(Input data Opens)
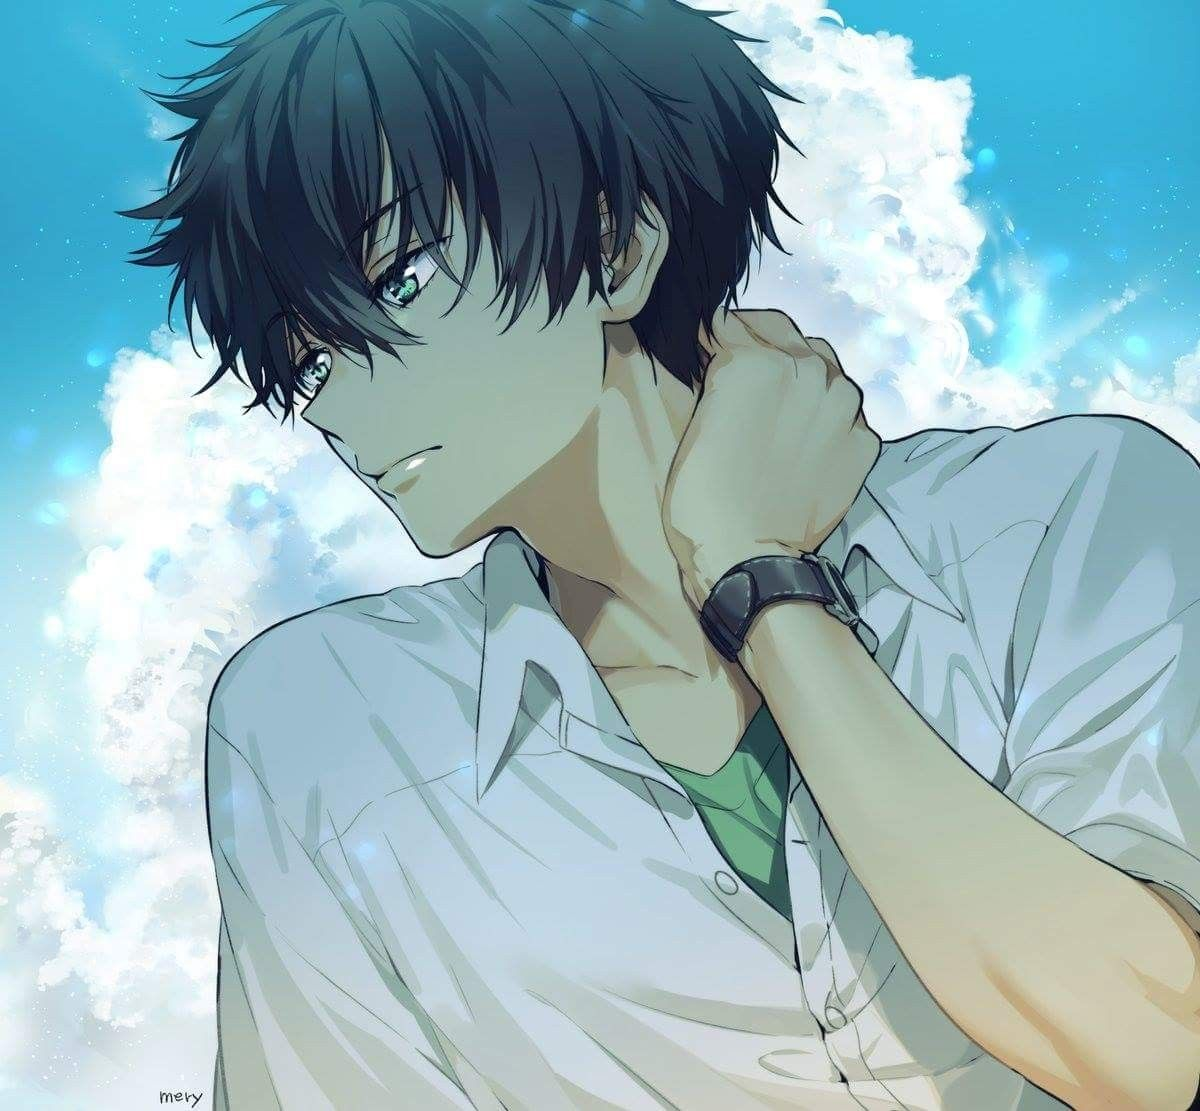 Pin de Ernande em Anime Guys Menina anime, Garotos anime
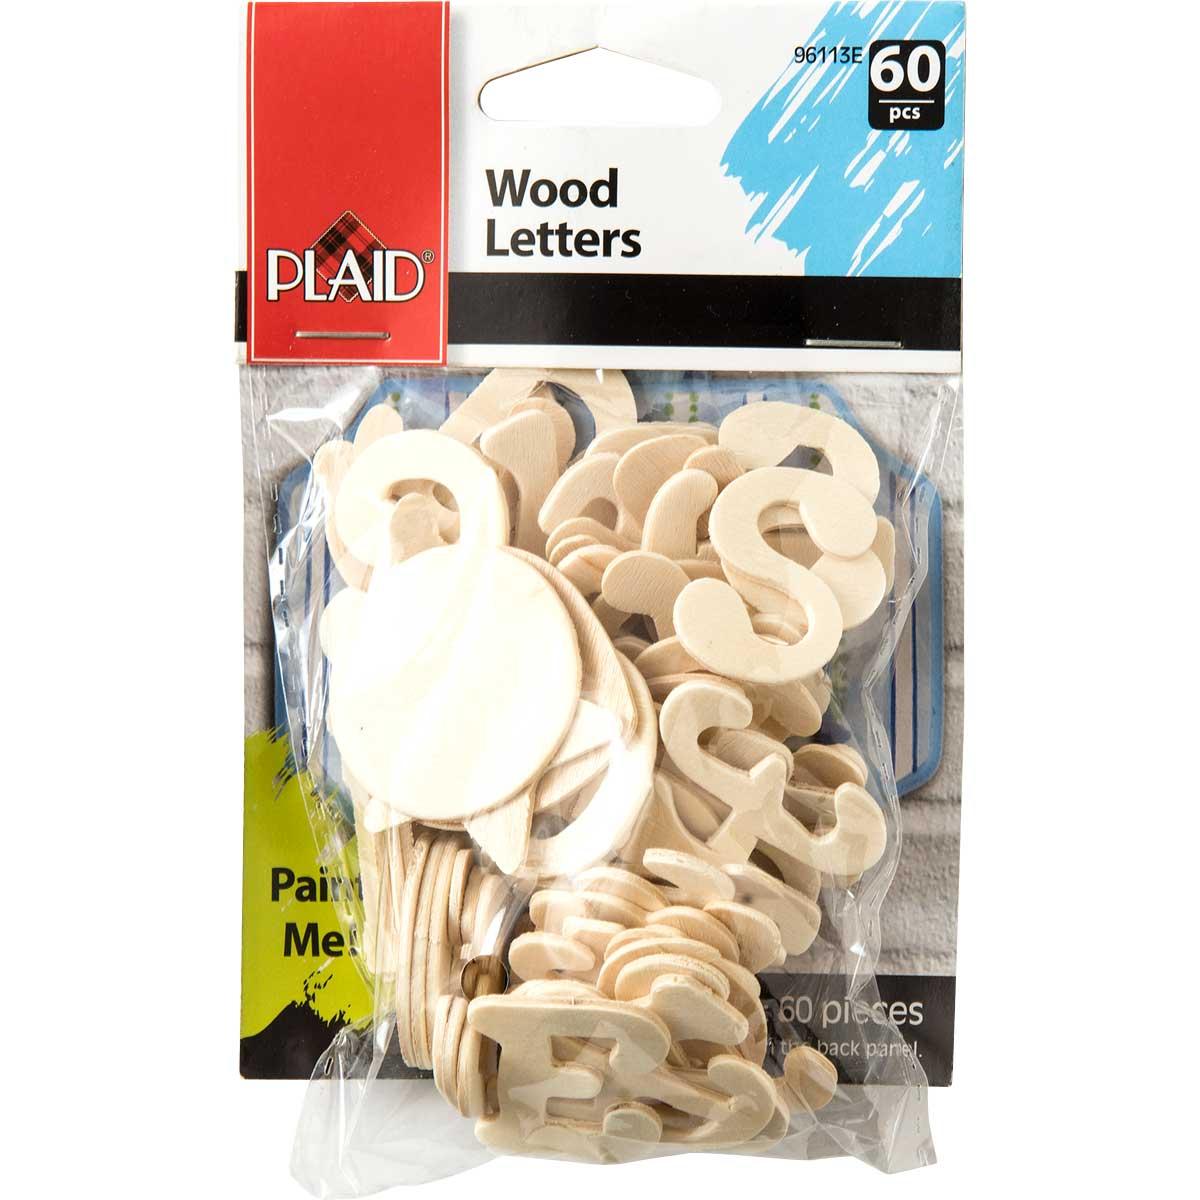 Plaid ® Wood Surfaces - Letter Packs - Cursive - 96113
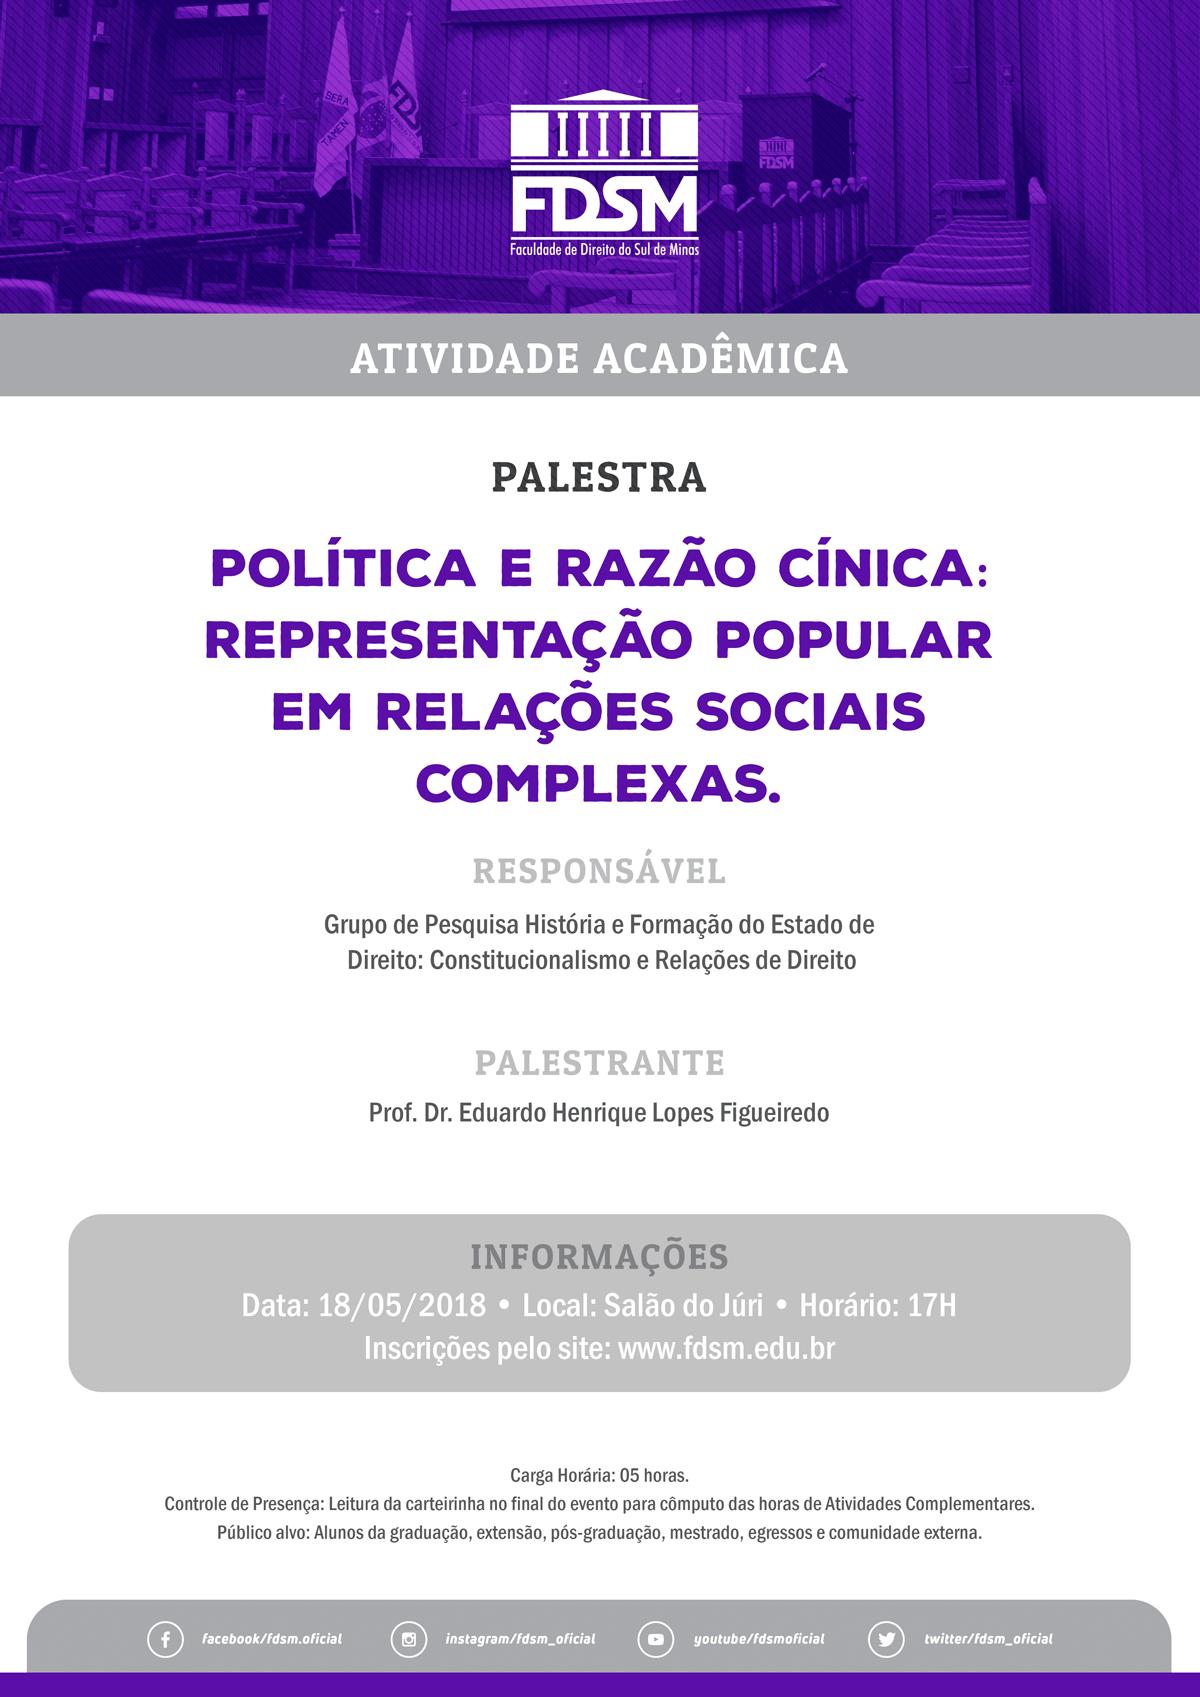 Política e Razão Cínica: representação popular em relações sociais complexas
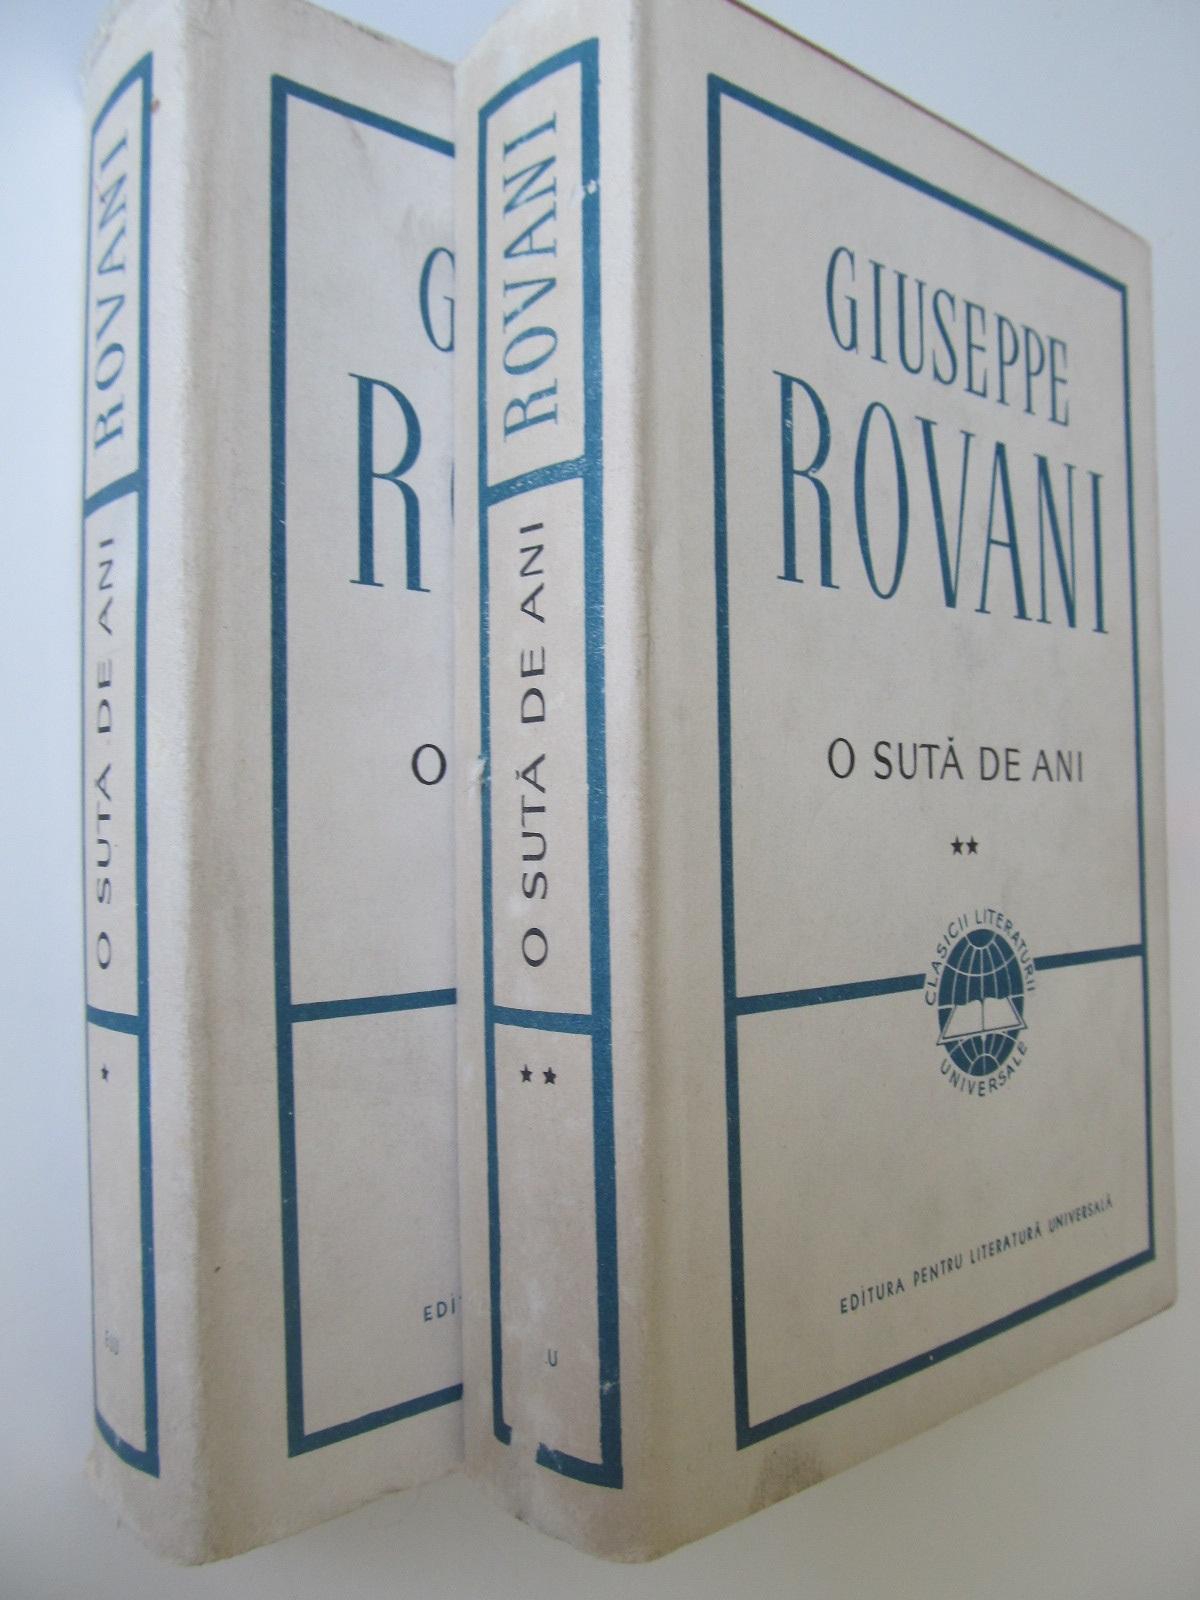 O suta de ani (2 vol.) - cartonat cu supracoperta - Giuseppe Rovani | Detalii carte
(Input data Closes)
**Exercise details**
Copy exactly, and only, the lines from the line containing "Política e Razão" through the final line of the material above, with no pictures.

**Reply**
 Política e Razão Cínica: representação popular em relações sociais complexas
 O suta de ani (2 vol.) - cartonat cu supracoperta - Giuseppe Rovani | Detalii carte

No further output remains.